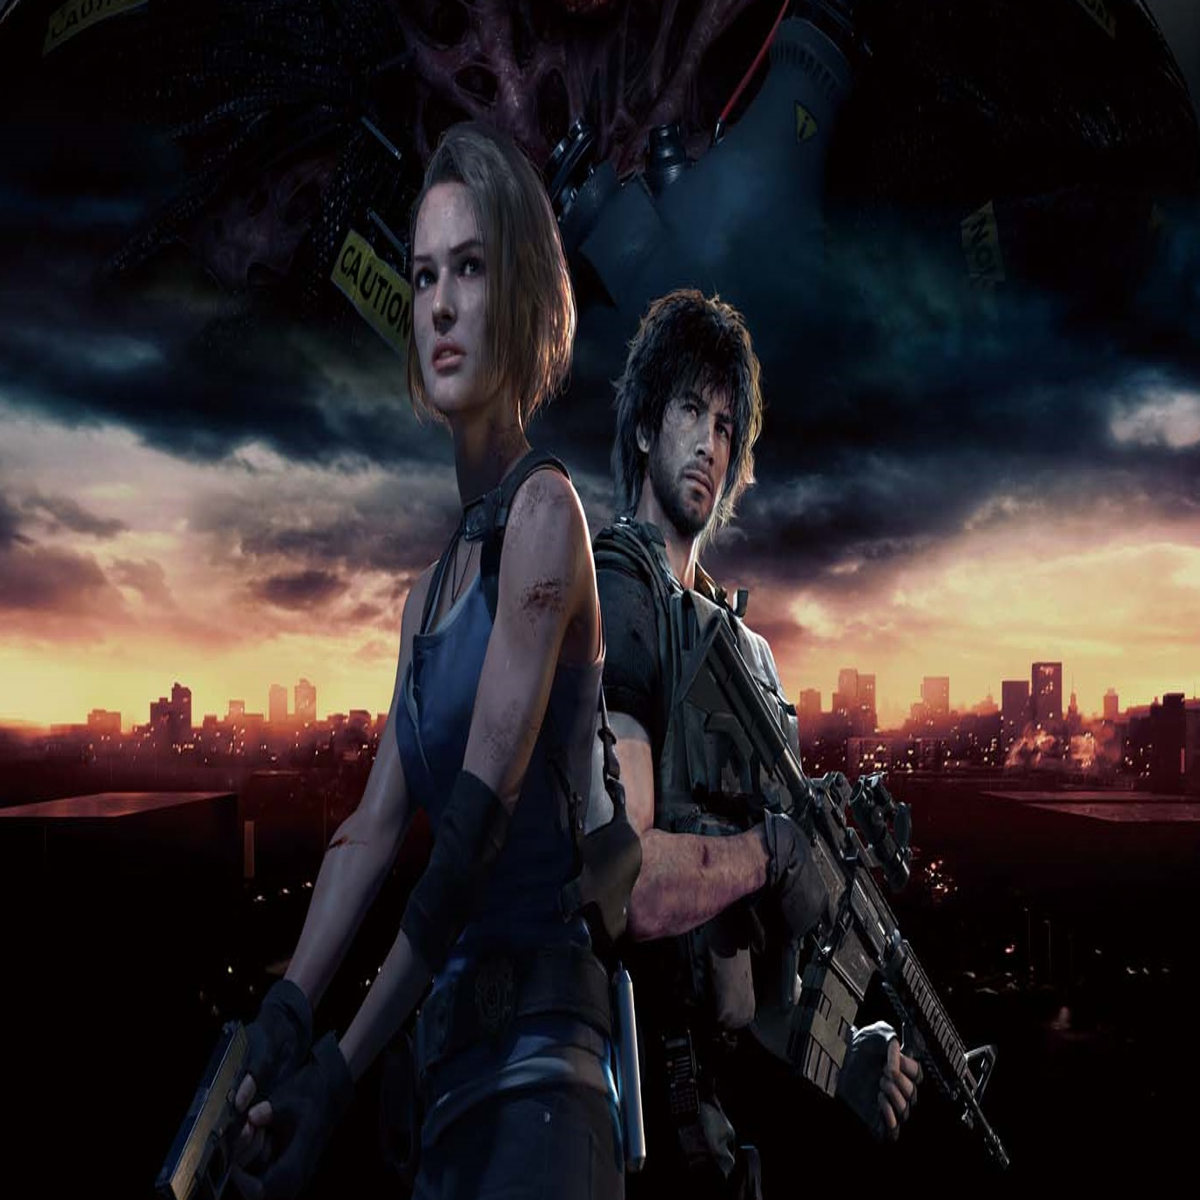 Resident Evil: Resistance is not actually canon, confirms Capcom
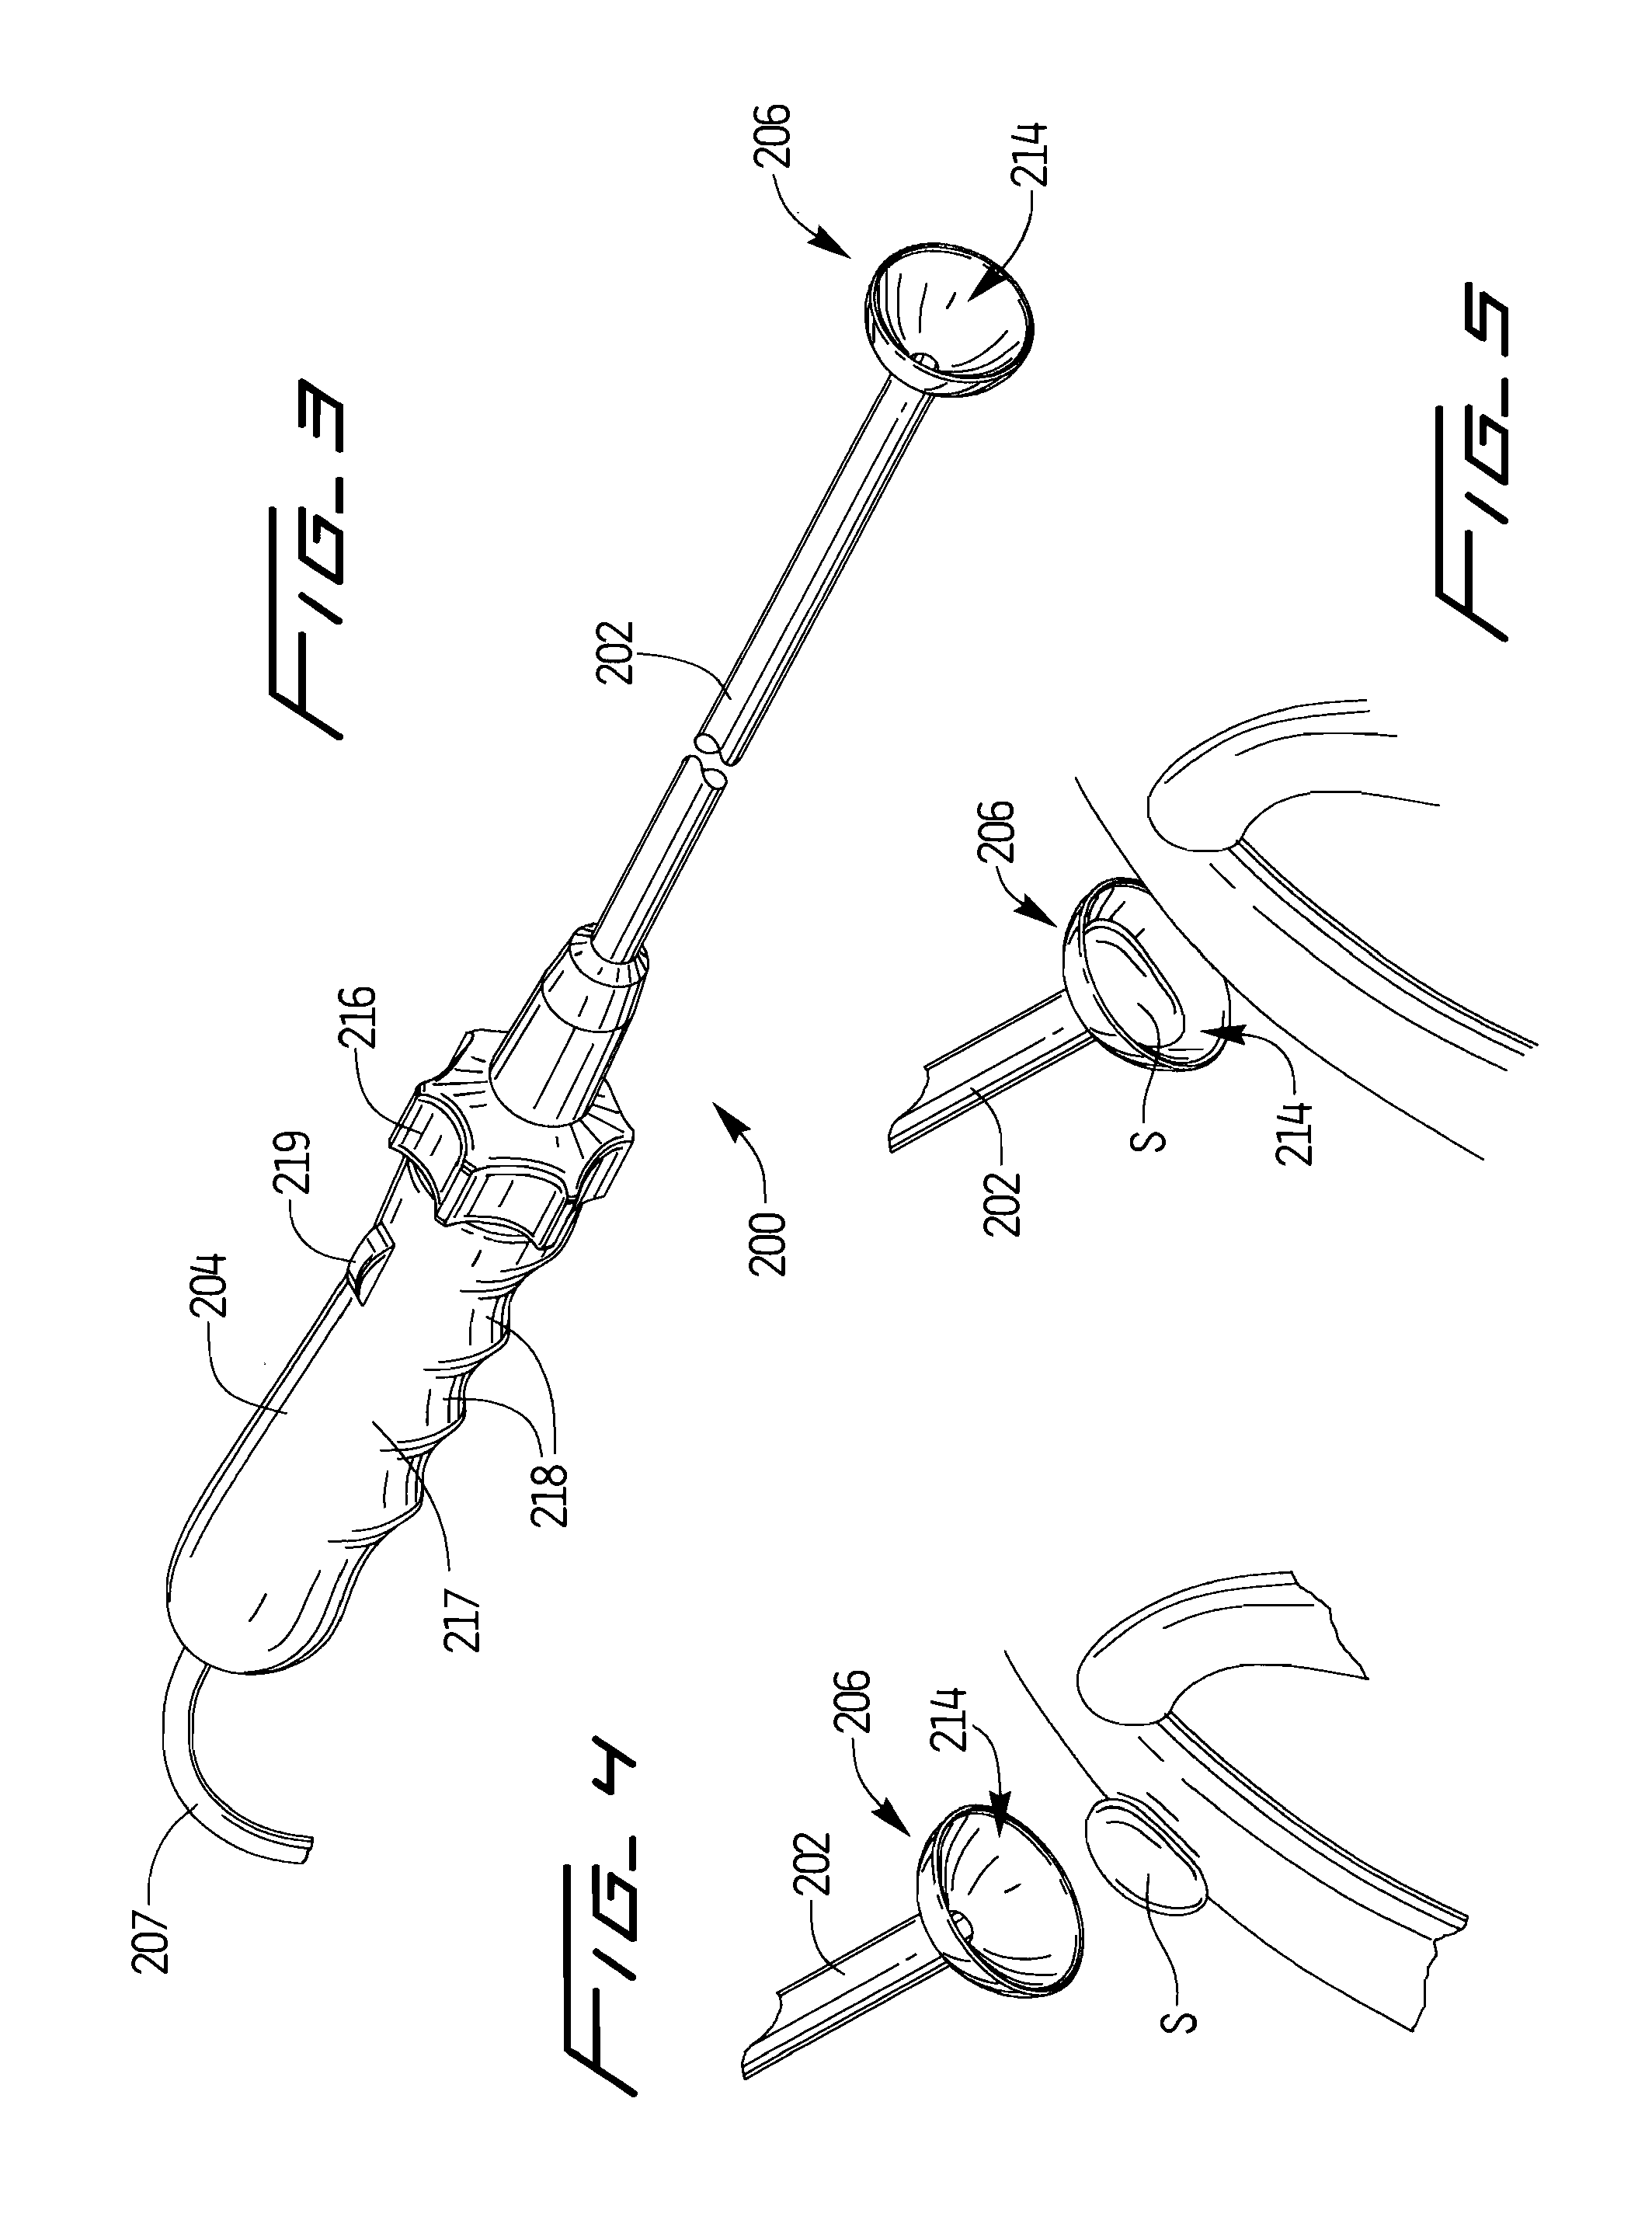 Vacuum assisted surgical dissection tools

--

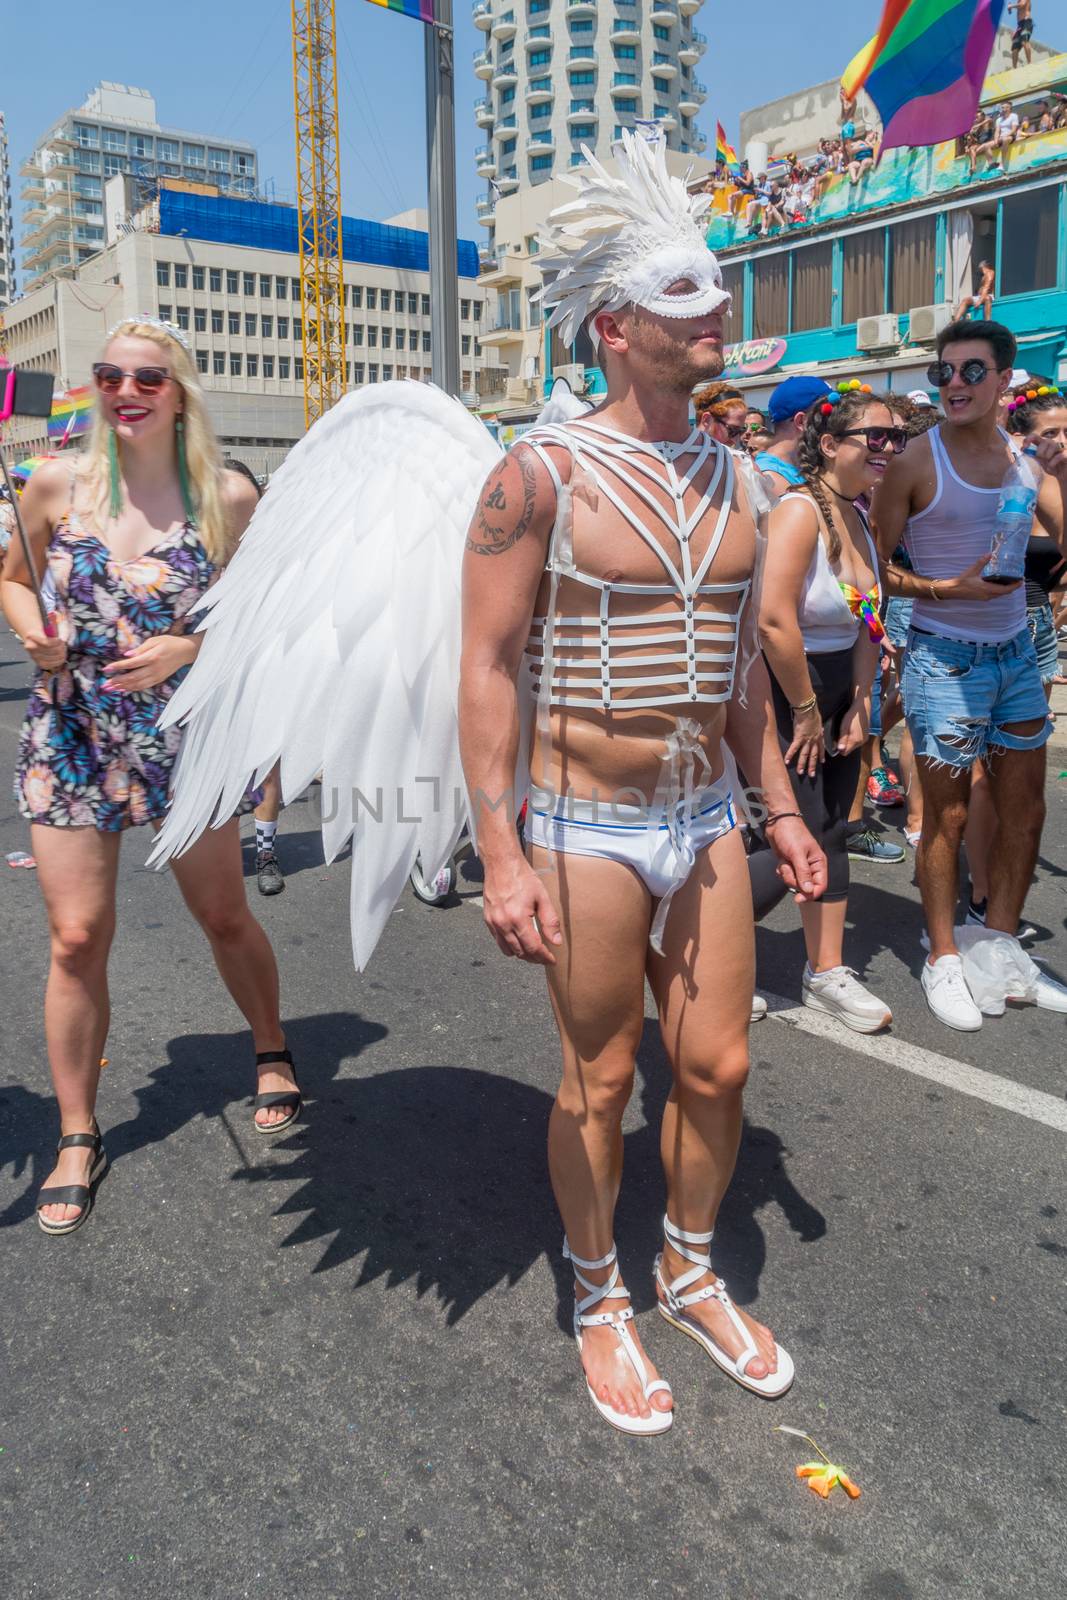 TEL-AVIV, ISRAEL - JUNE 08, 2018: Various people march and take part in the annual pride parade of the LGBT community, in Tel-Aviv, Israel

_What you need to do_: With the pictures removed from your copy, retype the lines above from the one that contains "Resident Evil: Resistance" through the one that contains "Vacuum assisted surgical dissection tools", exactly.

_Exercise answer_:
 Resident Evil: Resistance is not actually canon, confirms Capcom
 Vacuum assisted surgical dissection tools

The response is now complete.